Exercise instructions: Please show each line of the listing where "Green" is present.
[Start of Attachment]
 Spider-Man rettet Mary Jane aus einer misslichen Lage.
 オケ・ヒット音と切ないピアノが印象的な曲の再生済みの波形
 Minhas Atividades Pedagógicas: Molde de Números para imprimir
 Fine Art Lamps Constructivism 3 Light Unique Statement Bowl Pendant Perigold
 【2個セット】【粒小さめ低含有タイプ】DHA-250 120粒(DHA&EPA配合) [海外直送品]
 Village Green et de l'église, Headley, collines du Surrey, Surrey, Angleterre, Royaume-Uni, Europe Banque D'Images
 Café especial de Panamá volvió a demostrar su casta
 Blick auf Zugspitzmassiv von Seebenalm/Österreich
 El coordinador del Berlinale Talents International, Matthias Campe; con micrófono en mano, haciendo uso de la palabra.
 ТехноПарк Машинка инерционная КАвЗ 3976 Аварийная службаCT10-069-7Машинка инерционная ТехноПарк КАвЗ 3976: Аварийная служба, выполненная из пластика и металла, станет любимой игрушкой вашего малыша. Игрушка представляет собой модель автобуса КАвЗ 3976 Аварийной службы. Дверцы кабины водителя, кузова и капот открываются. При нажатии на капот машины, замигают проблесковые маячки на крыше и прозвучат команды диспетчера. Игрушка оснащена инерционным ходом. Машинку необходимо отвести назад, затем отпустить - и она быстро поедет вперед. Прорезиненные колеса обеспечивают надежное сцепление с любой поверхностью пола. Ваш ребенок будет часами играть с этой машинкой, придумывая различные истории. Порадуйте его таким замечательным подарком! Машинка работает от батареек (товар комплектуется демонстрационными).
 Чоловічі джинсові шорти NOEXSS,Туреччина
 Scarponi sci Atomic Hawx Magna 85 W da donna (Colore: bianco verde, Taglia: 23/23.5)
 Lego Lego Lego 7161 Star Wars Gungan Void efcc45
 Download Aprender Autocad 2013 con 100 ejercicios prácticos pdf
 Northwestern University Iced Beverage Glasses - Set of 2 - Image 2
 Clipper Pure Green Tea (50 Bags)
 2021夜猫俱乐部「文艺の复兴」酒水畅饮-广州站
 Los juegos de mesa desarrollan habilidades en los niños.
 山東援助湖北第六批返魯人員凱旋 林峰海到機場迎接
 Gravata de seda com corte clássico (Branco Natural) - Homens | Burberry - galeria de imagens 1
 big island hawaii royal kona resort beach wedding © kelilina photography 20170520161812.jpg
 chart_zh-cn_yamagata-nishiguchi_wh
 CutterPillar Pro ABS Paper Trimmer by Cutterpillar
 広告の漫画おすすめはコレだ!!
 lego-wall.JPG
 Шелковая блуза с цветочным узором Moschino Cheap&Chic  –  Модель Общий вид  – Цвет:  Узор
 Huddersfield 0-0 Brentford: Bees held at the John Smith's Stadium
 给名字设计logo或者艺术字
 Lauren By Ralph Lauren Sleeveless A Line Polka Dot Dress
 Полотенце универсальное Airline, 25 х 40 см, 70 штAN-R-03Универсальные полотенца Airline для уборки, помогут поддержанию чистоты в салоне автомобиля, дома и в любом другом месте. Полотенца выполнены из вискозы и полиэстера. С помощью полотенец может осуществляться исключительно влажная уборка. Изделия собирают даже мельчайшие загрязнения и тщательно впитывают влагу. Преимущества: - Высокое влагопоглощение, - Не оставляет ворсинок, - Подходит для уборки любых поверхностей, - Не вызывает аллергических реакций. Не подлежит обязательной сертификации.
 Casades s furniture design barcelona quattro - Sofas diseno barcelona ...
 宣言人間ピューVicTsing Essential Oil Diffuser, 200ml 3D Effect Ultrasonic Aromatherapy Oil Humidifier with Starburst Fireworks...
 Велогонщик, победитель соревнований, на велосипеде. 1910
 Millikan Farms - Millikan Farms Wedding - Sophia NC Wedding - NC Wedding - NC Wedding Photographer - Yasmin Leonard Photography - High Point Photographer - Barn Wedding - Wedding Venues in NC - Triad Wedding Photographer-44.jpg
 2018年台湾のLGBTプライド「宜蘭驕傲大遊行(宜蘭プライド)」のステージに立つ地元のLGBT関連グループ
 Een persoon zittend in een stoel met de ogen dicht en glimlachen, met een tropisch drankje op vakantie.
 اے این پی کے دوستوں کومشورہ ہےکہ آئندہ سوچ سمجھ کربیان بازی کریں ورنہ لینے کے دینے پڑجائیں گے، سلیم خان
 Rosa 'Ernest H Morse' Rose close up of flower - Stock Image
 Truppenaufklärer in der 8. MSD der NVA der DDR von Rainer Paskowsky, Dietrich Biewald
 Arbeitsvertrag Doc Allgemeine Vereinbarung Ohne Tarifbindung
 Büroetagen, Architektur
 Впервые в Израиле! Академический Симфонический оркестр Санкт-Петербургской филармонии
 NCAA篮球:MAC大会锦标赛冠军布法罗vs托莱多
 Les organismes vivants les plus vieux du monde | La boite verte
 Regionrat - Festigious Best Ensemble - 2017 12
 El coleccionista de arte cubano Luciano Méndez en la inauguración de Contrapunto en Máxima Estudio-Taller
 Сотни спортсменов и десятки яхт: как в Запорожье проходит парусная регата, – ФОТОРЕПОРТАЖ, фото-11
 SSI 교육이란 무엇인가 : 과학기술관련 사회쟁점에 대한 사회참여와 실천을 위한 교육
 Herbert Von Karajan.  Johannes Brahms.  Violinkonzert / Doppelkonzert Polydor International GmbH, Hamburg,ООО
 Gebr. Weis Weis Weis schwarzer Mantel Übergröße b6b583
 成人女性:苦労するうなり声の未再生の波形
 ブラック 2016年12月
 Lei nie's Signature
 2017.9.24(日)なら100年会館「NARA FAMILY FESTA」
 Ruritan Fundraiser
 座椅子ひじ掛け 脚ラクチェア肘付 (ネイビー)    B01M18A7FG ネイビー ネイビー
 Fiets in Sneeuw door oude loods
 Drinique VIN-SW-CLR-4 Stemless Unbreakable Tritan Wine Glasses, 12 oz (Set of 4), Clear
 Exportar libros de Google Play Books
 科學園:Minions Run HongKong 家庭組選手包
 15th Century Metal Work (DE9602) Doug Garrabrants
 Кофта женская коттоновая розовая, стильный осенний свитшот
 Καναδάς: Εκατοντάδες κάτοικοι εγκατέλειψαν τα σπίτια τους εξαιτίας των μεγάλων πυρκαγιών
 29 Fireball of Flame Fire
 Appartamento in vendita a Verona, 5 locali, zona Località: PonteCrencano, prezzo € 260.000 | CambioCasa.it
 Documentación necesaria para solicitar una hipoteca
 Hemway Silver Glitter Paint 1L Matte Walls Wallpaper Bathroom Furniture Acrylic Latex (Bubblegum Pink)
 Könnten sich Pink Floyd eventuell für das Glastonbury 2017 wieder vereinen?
[End of Attachment]
Written reply:
 Village Green et de l'église, Headley, collines du Surrey, Surrey, Angleterre, Royaume-Uni, Europe Banque D'Images
 Clipper Pure Green Tea (50 Bags)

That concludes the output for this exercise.